Halaman:Menggali Hukum Tanah dan Hukum Waris.pdf/147

Halaman ini tervalidasi

Dengan pengertian anak harus dipangku, kaki kita jang djadi kakinja, artinja dibelandjai setjukupnya oleh sibapa (tanggung djawab bapa). Kemenakan dibimbing, dia berdjalan dengan kakinja, tetapi tangannja dipegang supaja djangan terdjatuh. Djadi walaupun bapanja telah mendjamin anaknja namun mamaknja harus memperhatikan kemenakannja itu. Achirnya tiap2 keluarga Minangkabau akan mendjadi selamat sedjahtera karena tentang tangan ada tempat bergantung dan tentang kaki ada tempat berpidjak.

Hukum waris. Menurut pepatah adat Minangkabau, pusaka itu dari nenek turun kemama, dari mamak turun ke-kemenakan, baik pusaka itu mengenai gelar pusaka ataupun mengenai harta pusaka. Sebab itu kalau ads seseorang Datuk Sati (penghulu) atau Sutan Sati (pemuda), Tk. Sati (ulama), maka gelar Datuk Sati dan laim sebagainja itu apabila dia meninggal dunia akan turun kepada kemenakannja, jaitu anak dari saudara perempuan. Dan tidak sah kalau gelar itu dipakai oleh anak. Begitu pula semua harta pusaka jang dipakai atau jang dikuasai oleh Datuk Sati, Sutan Sati dan sebagainja itu turut dipusakai oleh kemenakannja. Oleh karena itu tidak heran kalau didaerah Minangkabau banjak sekali terdjadi perkara antara satu kaum dengan satu kaum jang lainnja kalau akan memakai gelar pusaka.
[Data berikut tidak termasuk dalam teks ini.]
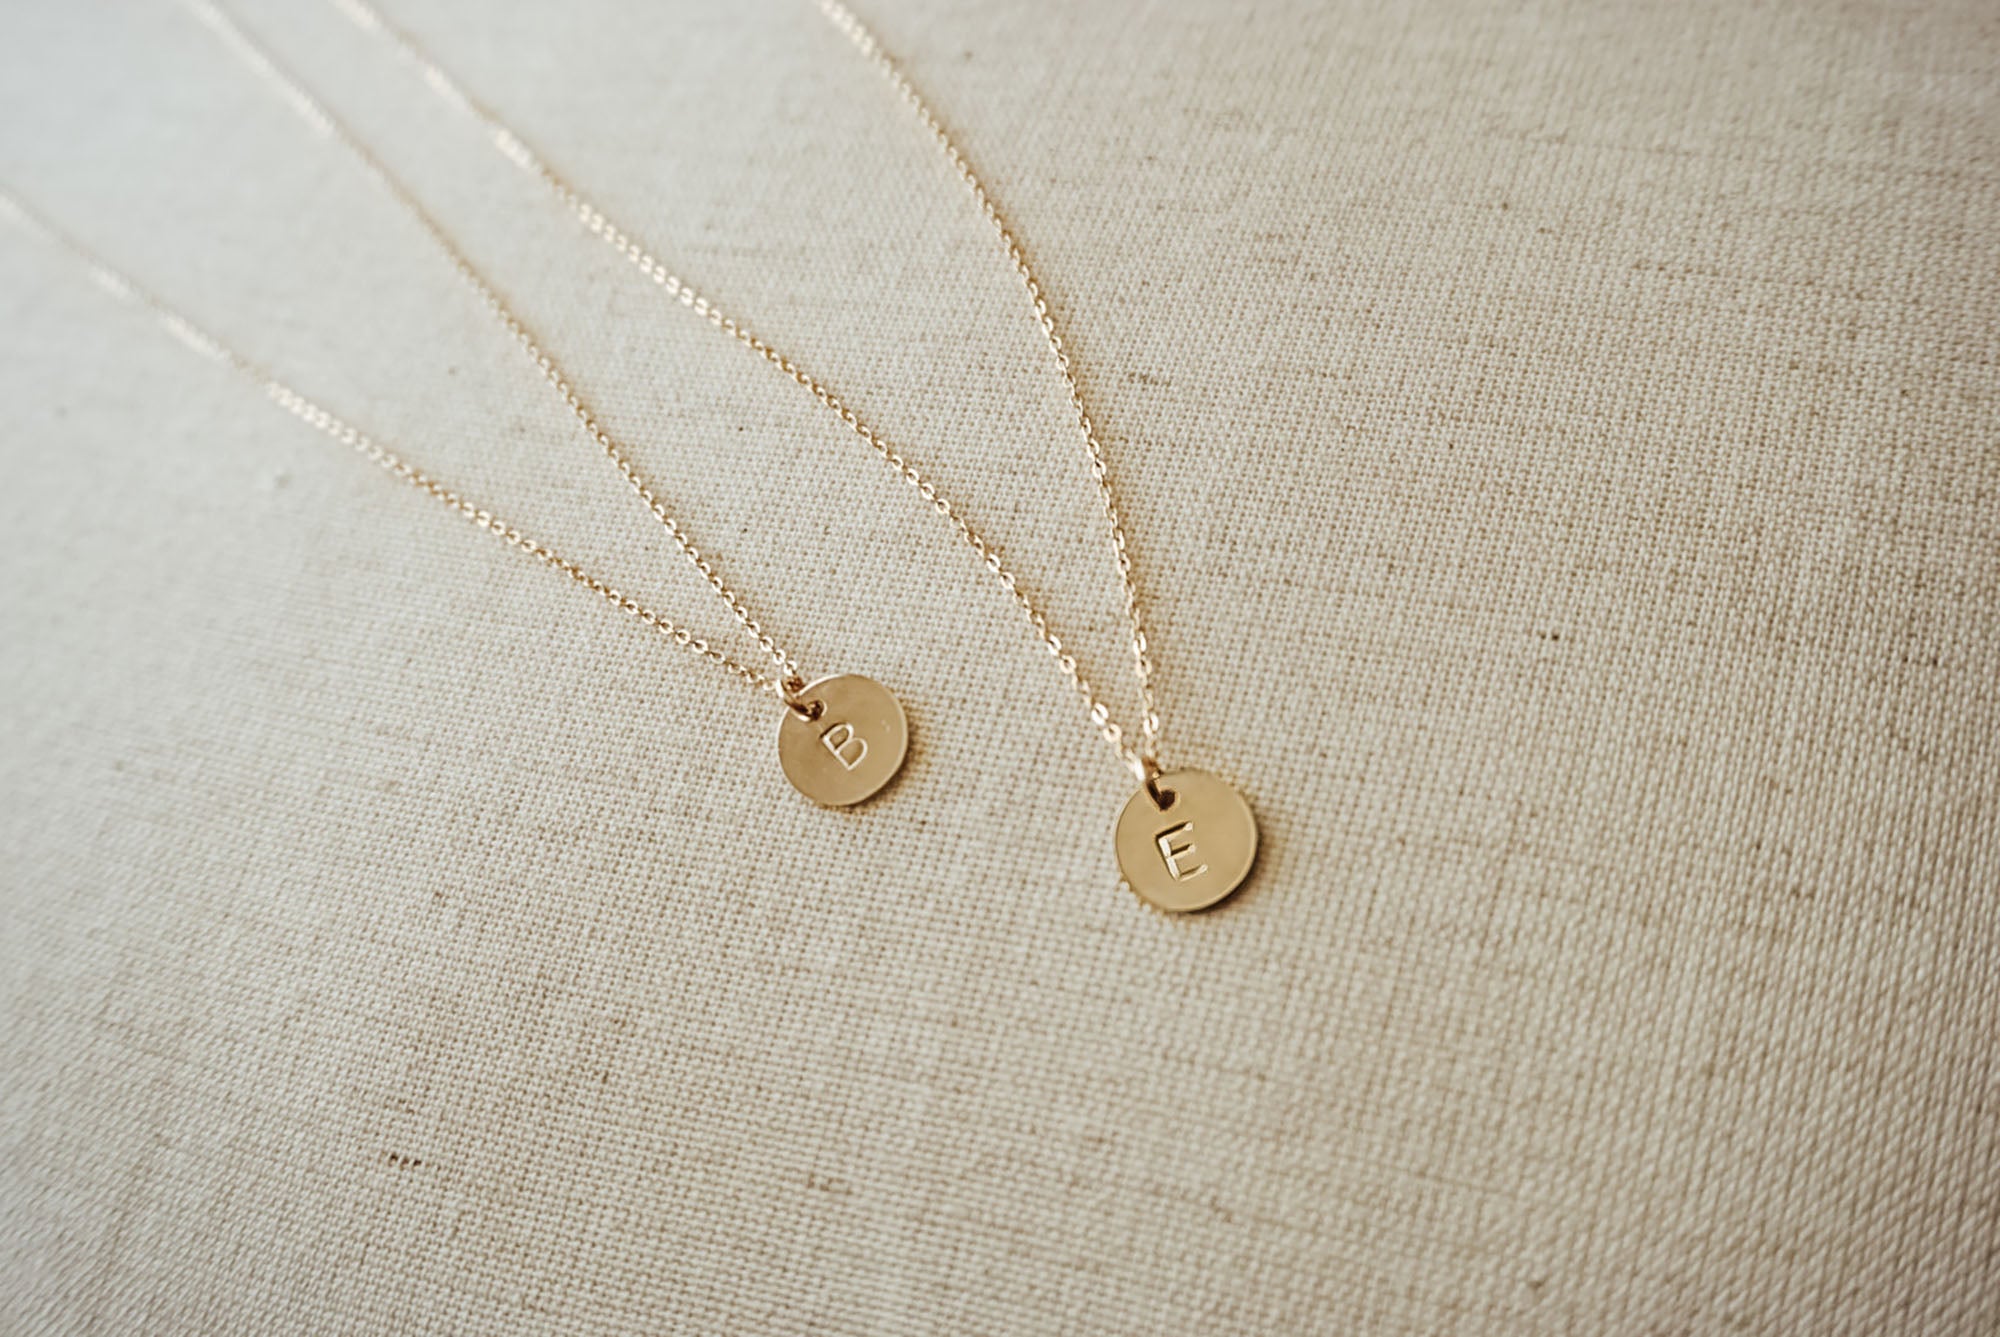 Graduated Disc Necklace 14K Yellow Gold 16

Karena hakikatnja bukanlah gelar pusaka itu jang dioerebutkan tetapi adalah harta pusaka jang dikuasai oleh gelar pusaka itu.

Mengenai warisan itu menurut adat adalah sekedar menguasai sadja, tidak seperti waris jang disjariatkan oleh agama Islam karena waris menurut agama Islam mempunjai bagian2 tertentu seperti mendapat bagian seperdua, sepertiga, seperempat. dsb., Dan bagiannja itu dapat dikuasainja menurut hak miliknja, boleh didjual dihibahkan dan lain sebagainja dengan tidak dapat dihalangi oleh orang lain.
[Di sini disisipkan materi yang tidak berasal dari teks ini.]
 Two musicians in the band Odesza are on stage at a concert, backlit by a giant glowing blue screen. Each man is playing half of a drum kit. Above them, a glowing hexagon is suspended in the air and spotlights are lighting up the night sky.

Berlawanan dengan waris menurut adat Minangkabau. Seseorang atau satu kaum mendapat warisan dari neneknja atau dari mamaknja menurut adat hanja sekedar menguasai atau memakai harta pusaka itu, tetapi tidak dibolehkan mendjual atau menghibahkan harta kepada siapa djuapun, katjuali kalau disepakati oleh semua keluarga dalam kaum itu. Hanja jang dibolehkan menguasai hasilnja atau buah dari harta pusaka itu. Hasil atau buah itulah hanja dapat didjual dan dihibahkan kepada siapa djuga jang dikehendakinja.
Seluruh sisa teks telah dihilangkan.